AVAILABLE RECORDS ->
________
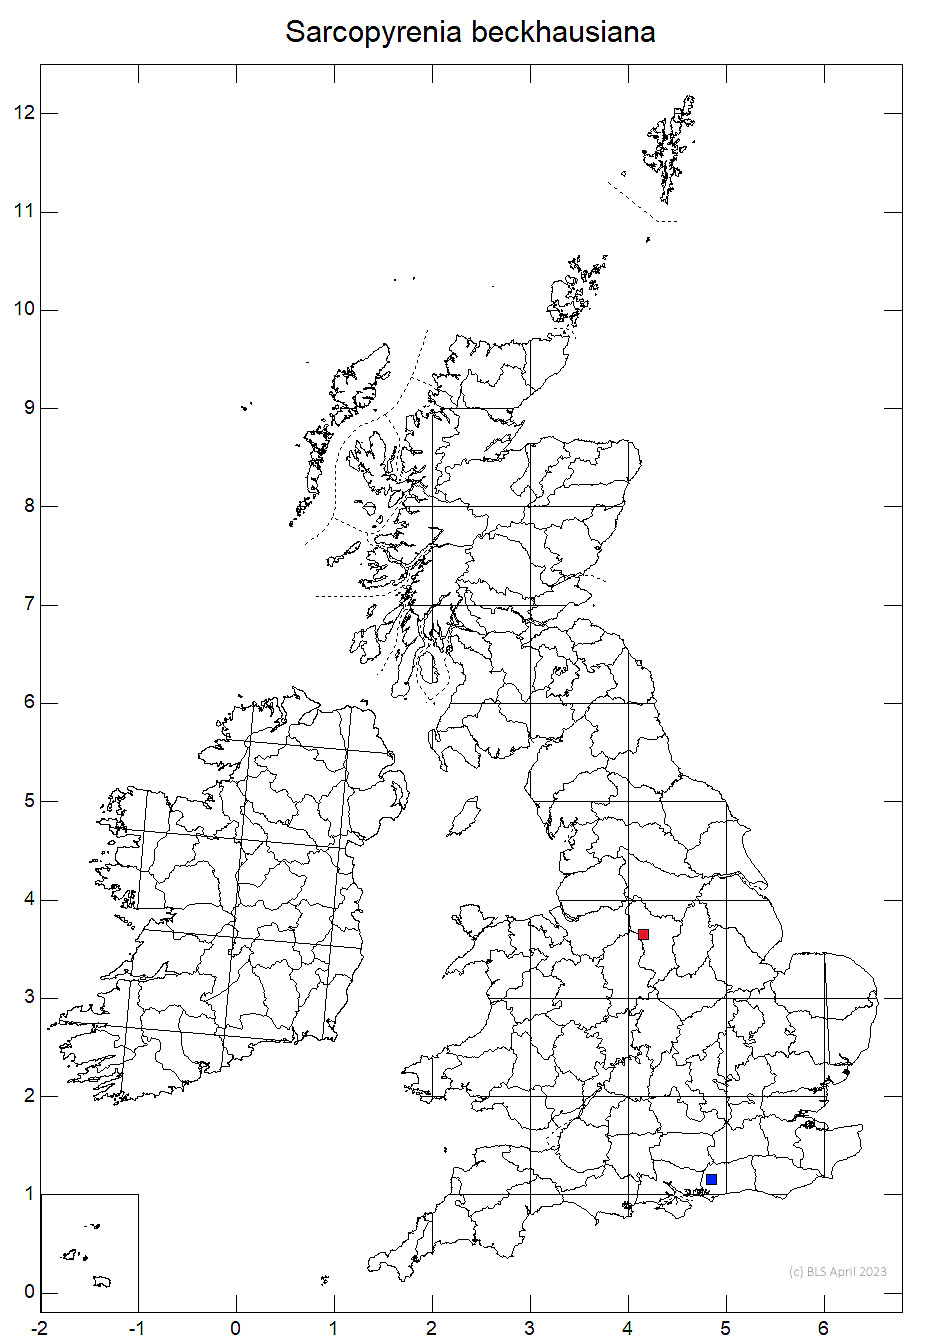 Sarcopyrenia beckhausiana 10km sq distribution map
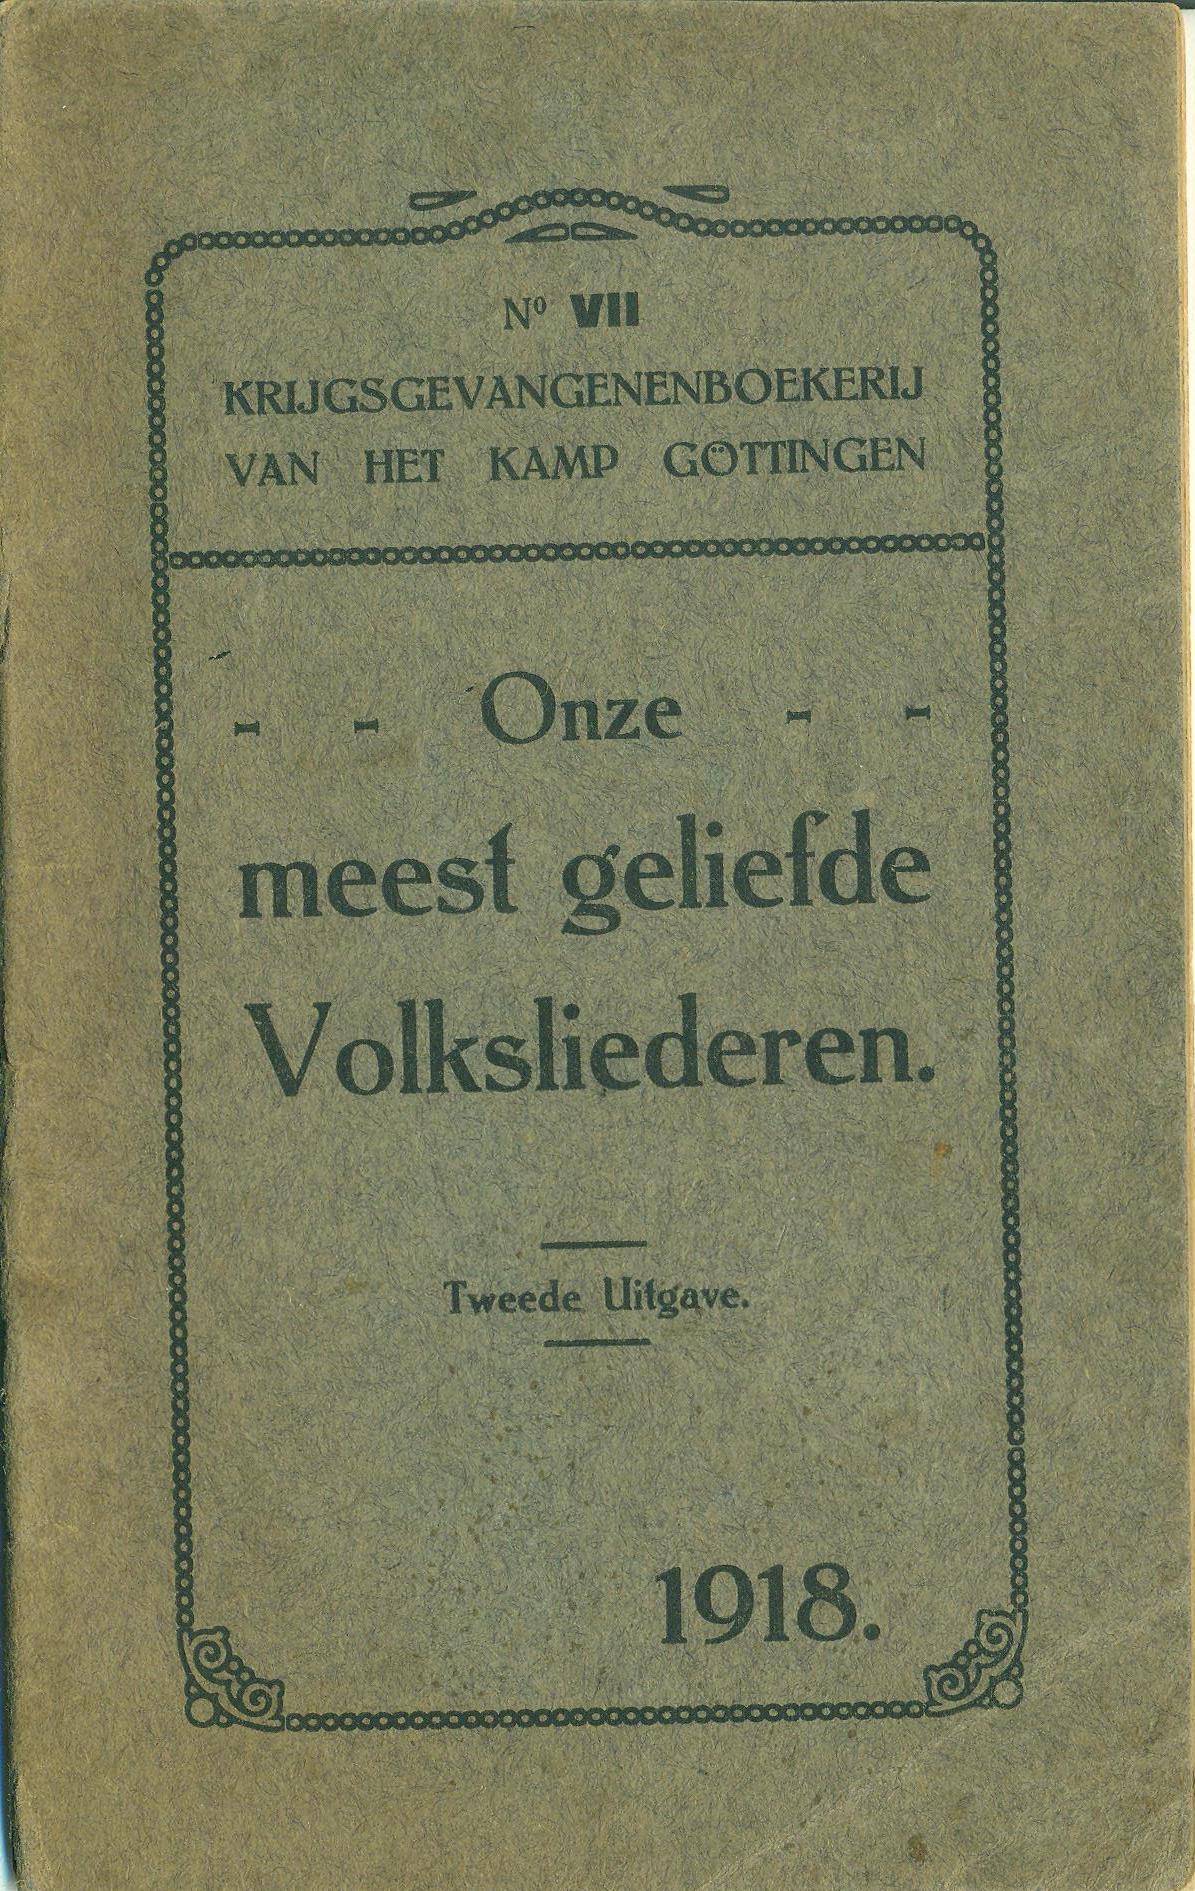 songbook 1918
________
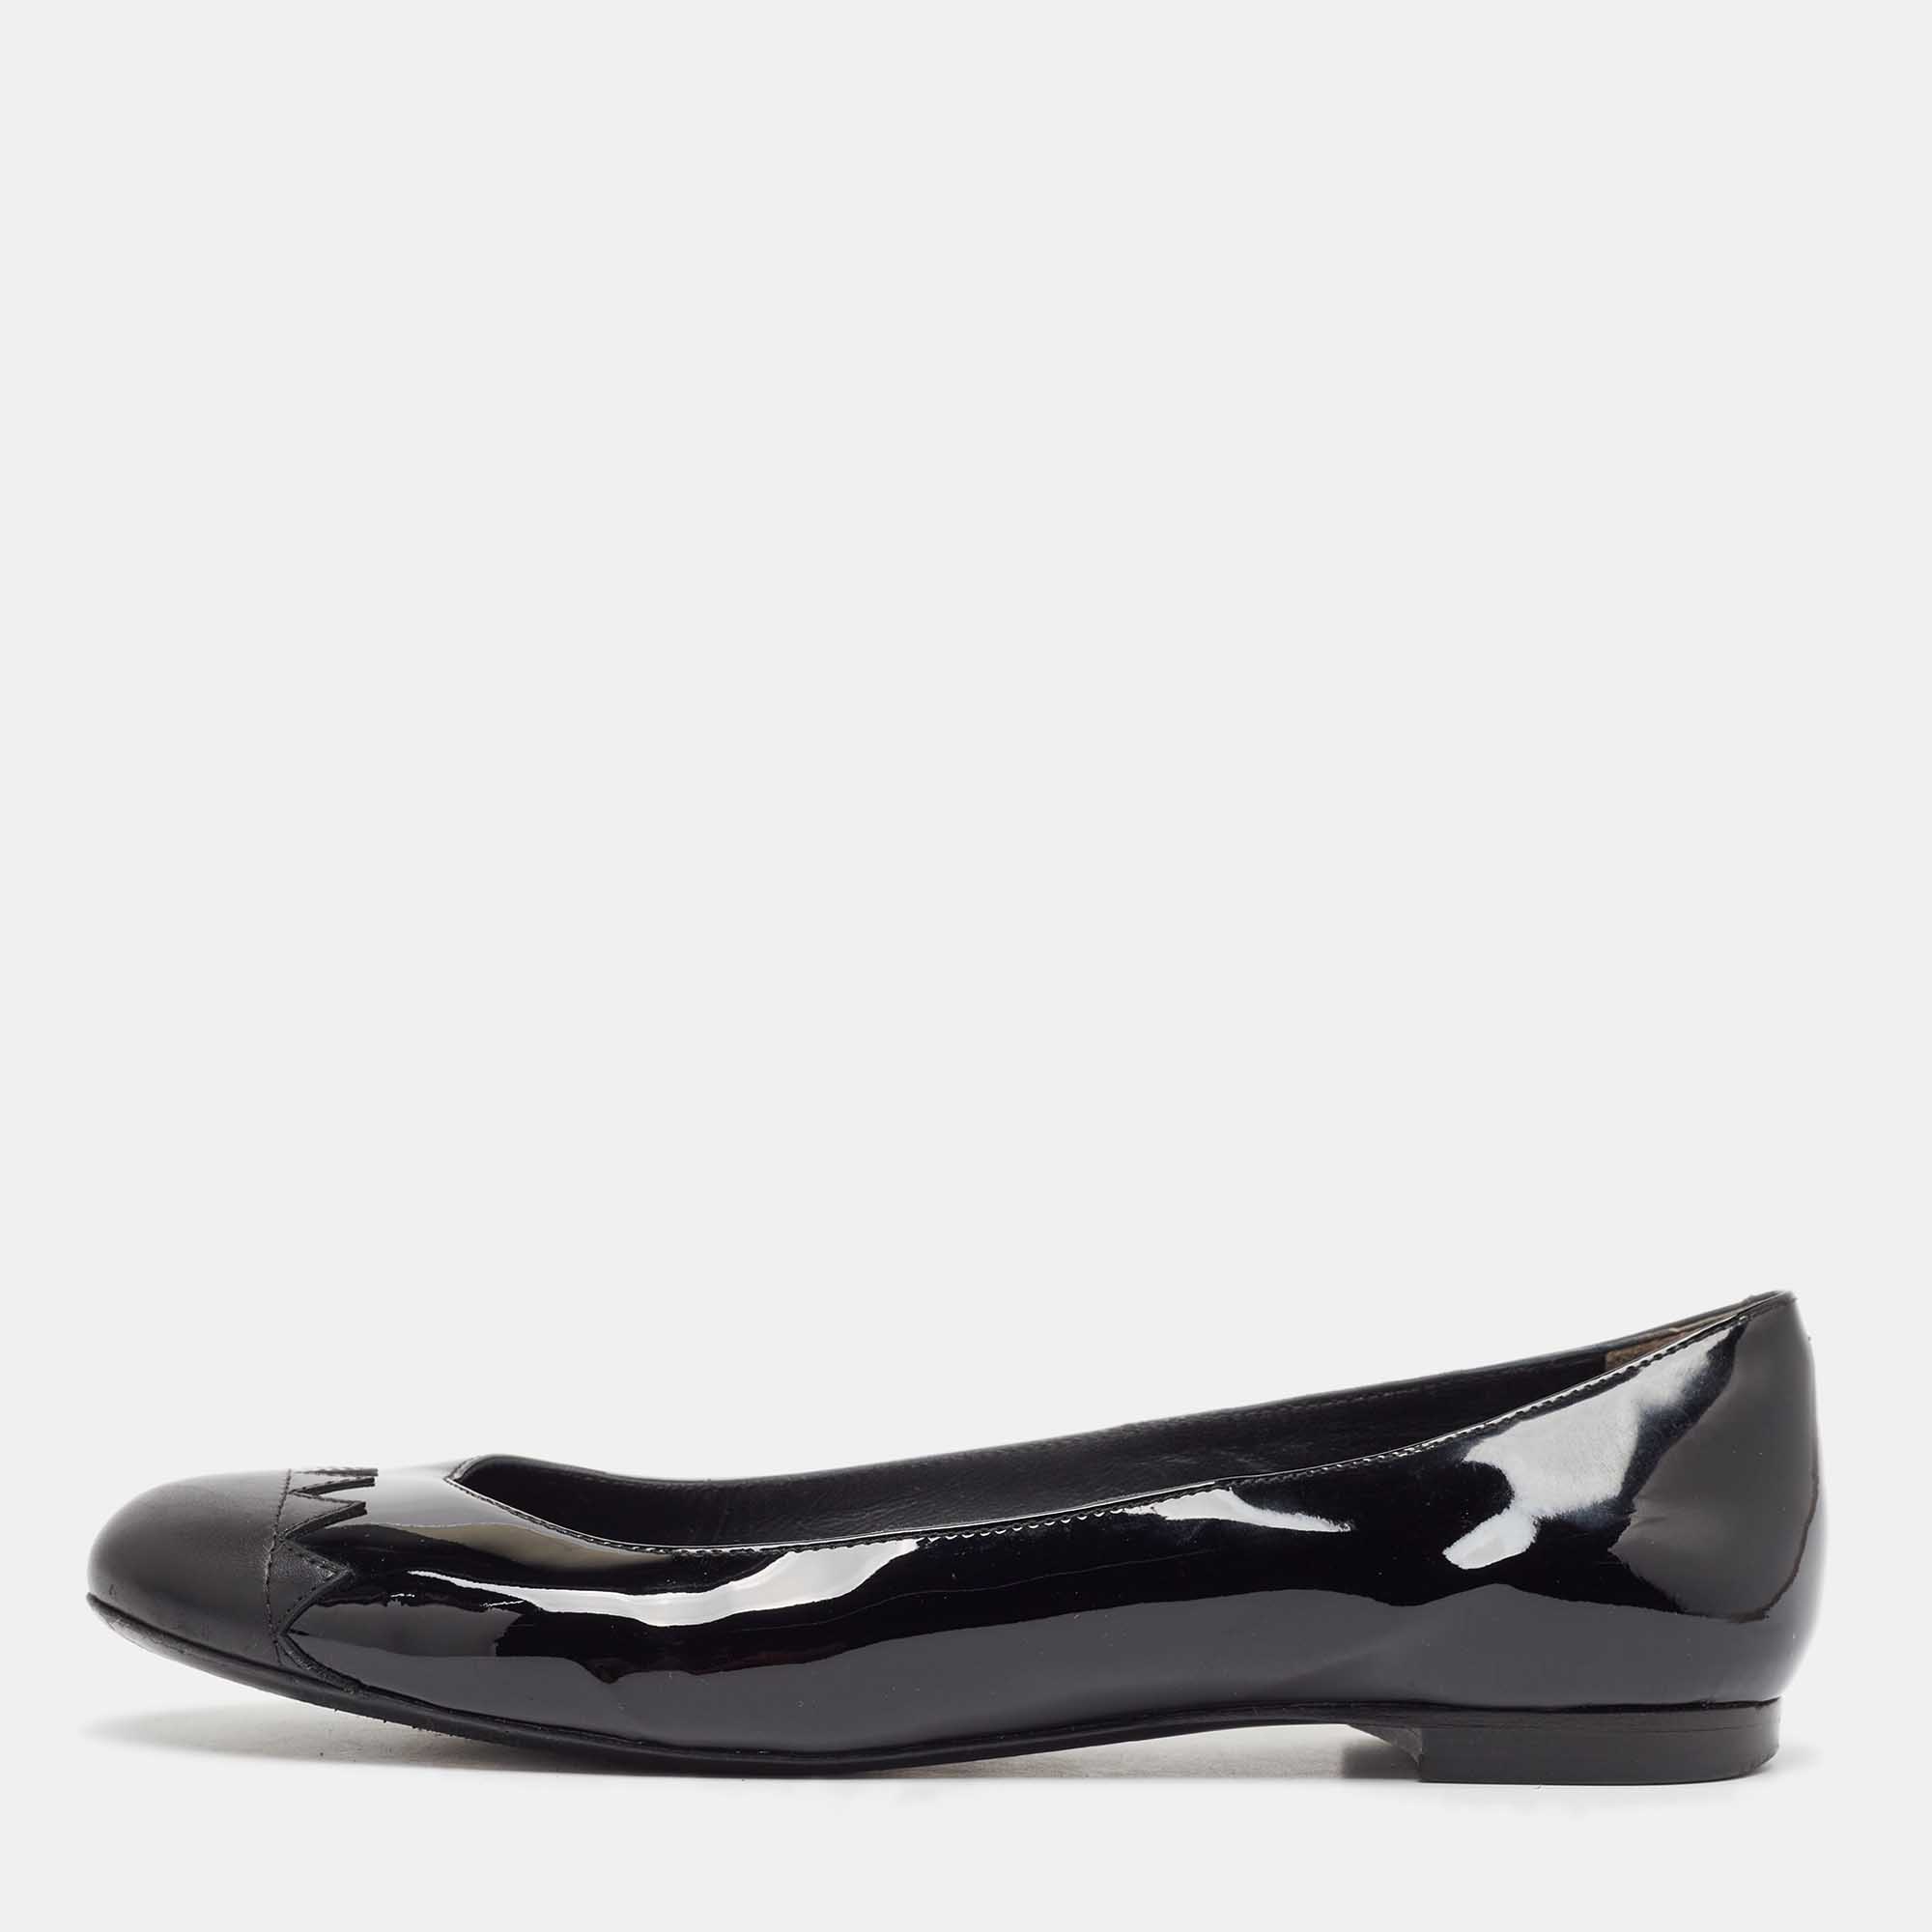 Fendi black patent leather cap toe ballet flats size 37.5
________
WORK INSTRUCTION ->
Of the lines above, quote exactly those from the one with "Sarcopyrenia beckhausiana 10km" through the one with "songbook 1918", ends included; pictures stay out.

EXERCISE SOLUTION ->
 Sarcopyrenia beckhausiana 10km sq distribution map
 songbook 1918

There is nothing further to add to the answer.